Below is a block of entries; repeat exactly the lines starting at the line that contains "Pasos del proceso" and ending at the line that contains "Ta den ut av", both included.

# Entries provided
-- Opening Marker --

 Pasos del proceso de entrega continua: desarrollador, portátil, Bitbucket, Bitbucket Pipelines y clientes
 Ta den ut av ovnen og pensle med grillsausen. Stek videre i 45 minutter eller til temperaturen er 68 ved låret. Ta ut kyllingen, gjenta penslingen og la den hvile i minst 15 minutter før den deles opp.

-- Closing Marker --
-- Opening Marker --

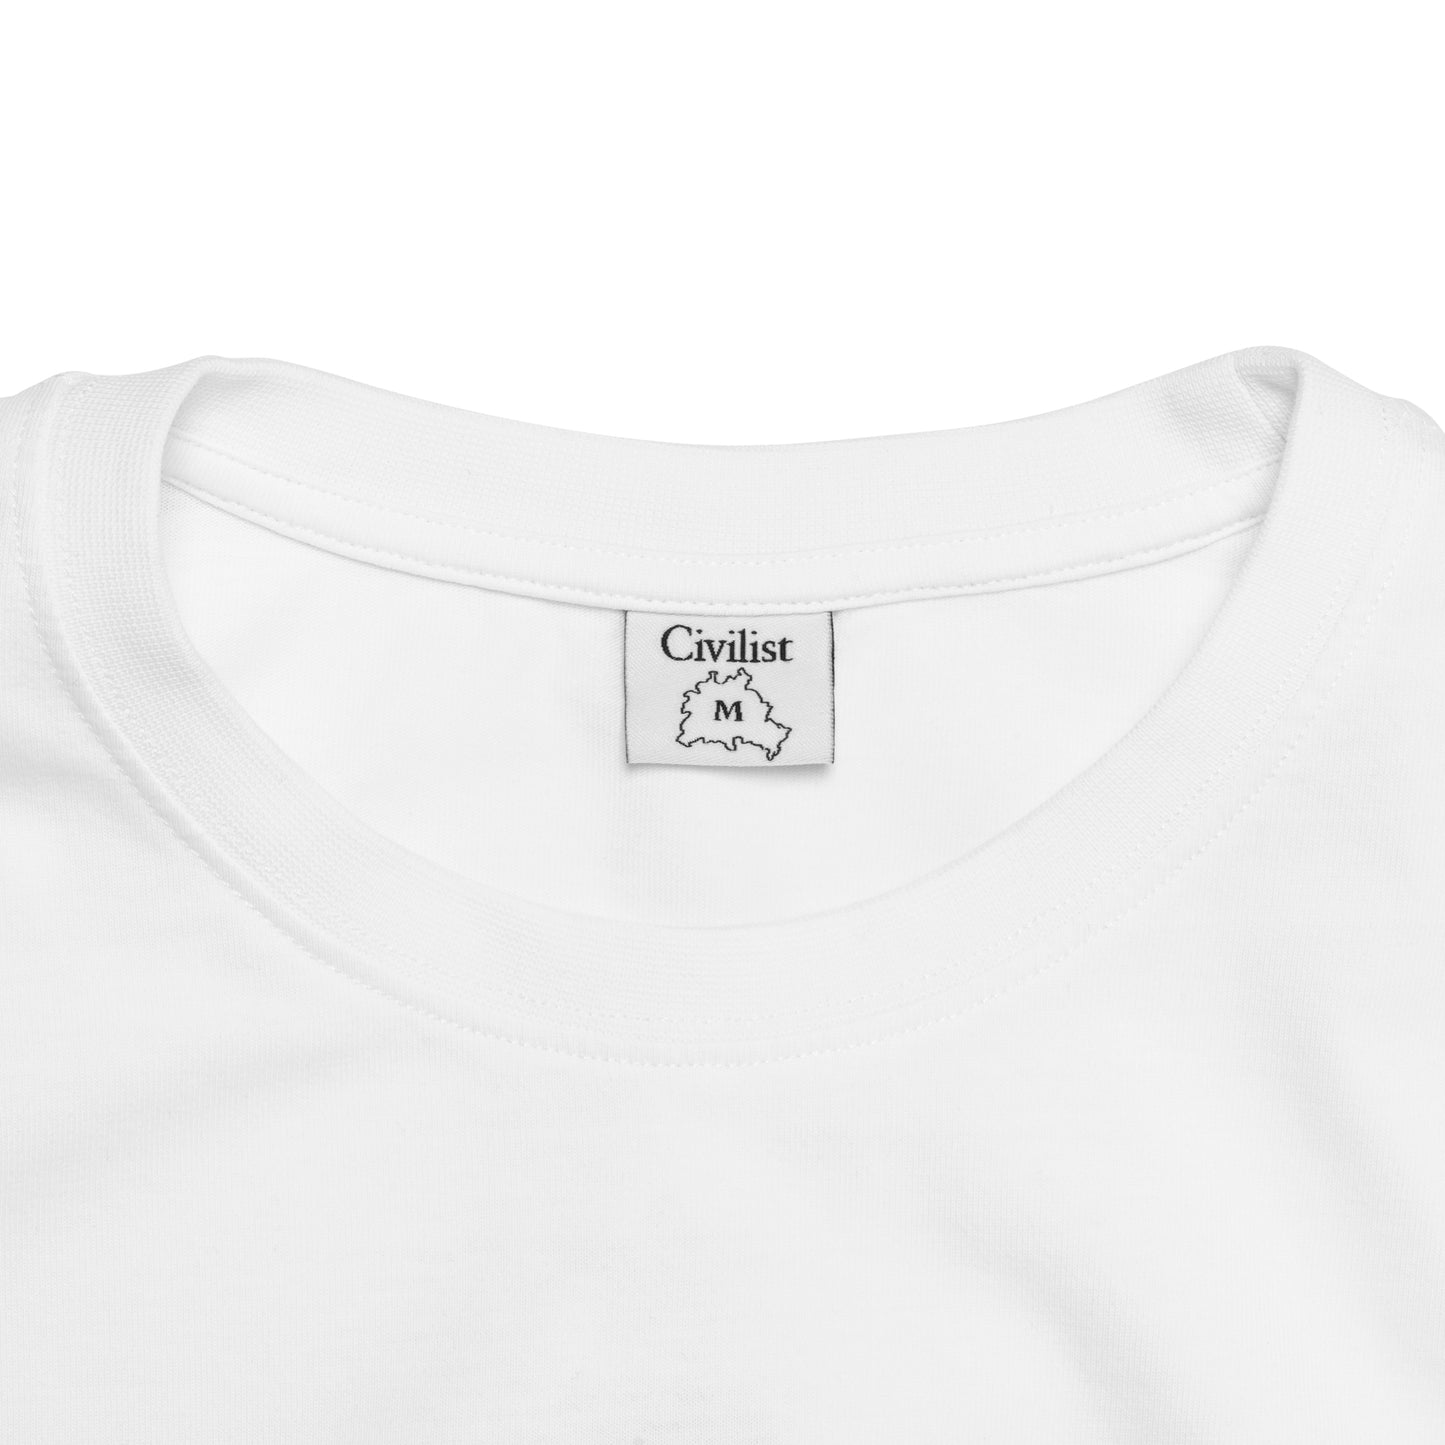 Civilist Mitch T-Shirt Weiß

-- Closing Marker --
-- Opening Marker --

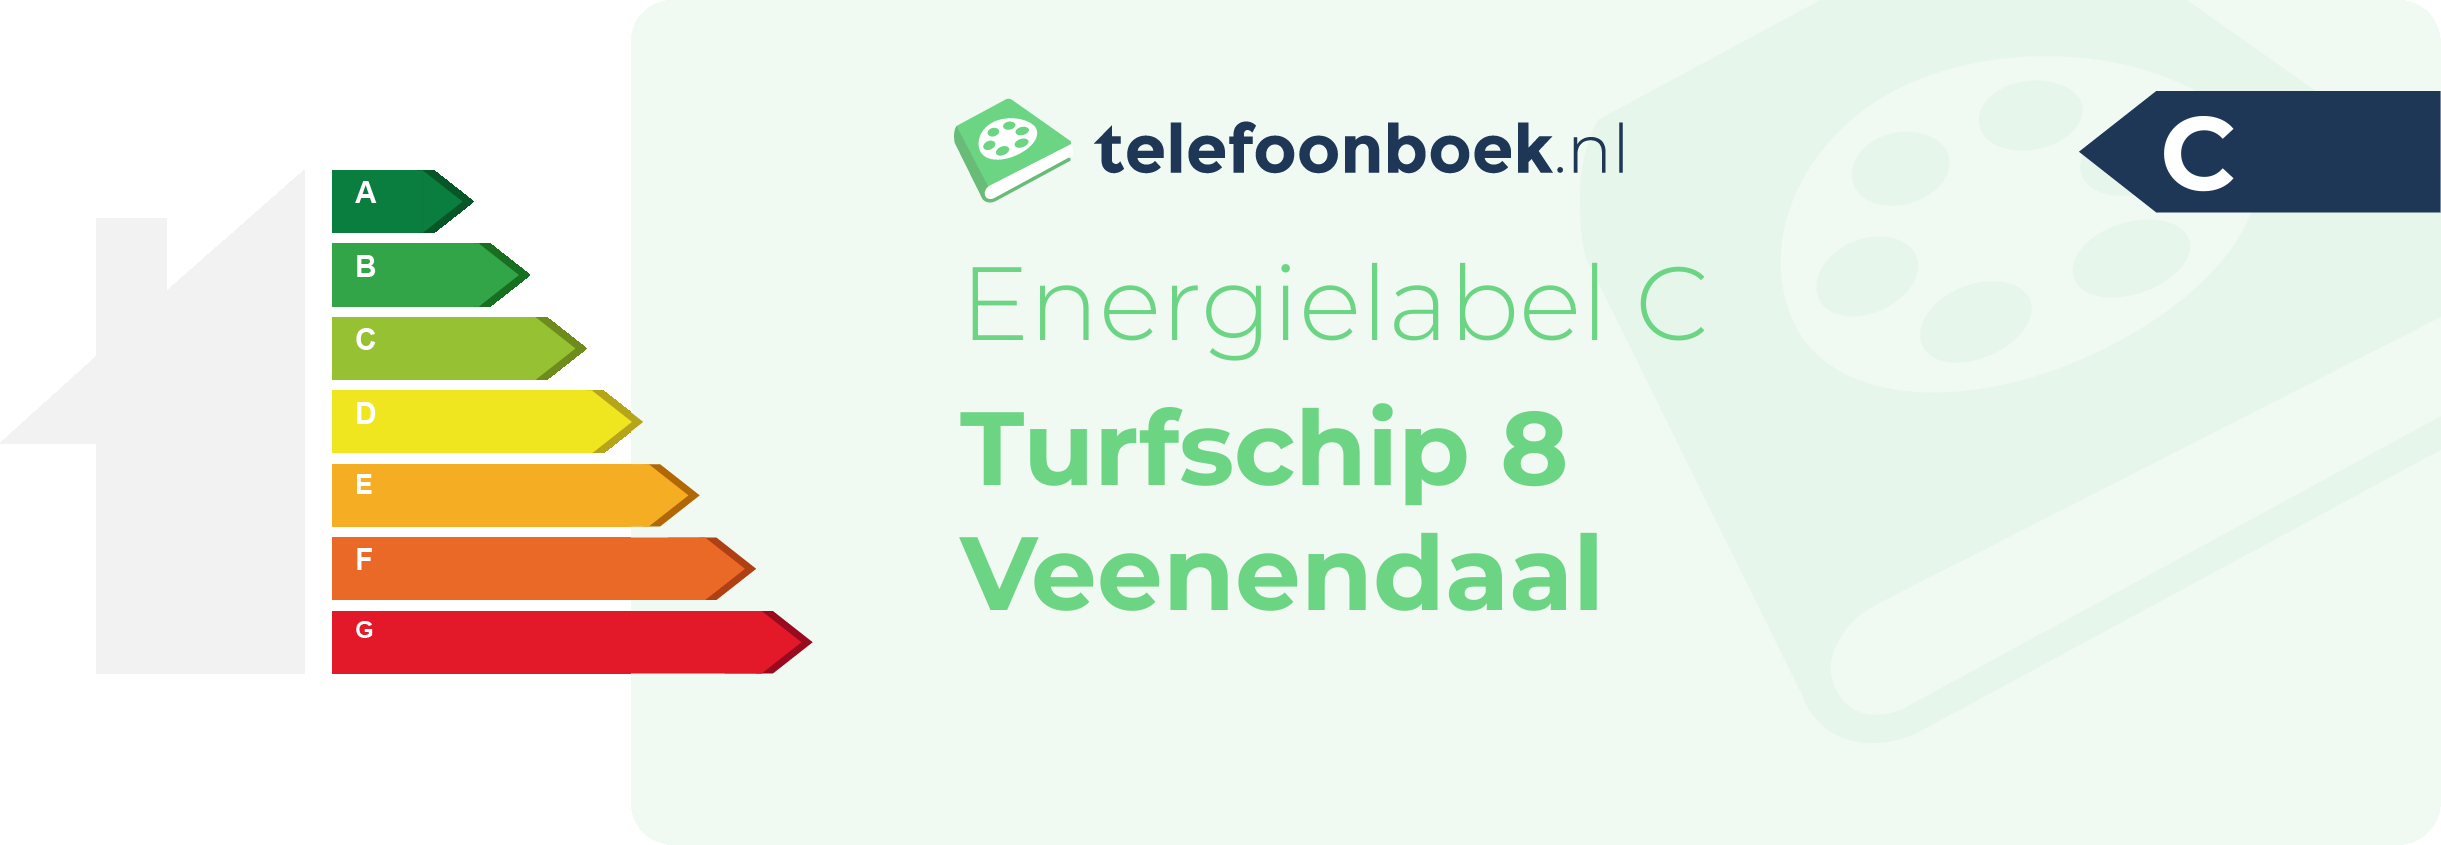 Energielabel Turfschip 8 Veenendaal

-- Closing Marker --

# Finished task
 Pasos del proceso de entrega continua: desarrollador, portátil, Bitbucket, Bitbucket Pipelines y clientes
 Ta den ut av ovnen og pensle med grillsausen. Stek videre i 45 minutter eller til temperaturen er 68 ved låret. Ta ut kyllingen, gjenta penslingen og la den hvile i minst 15 minutter før den deles opp.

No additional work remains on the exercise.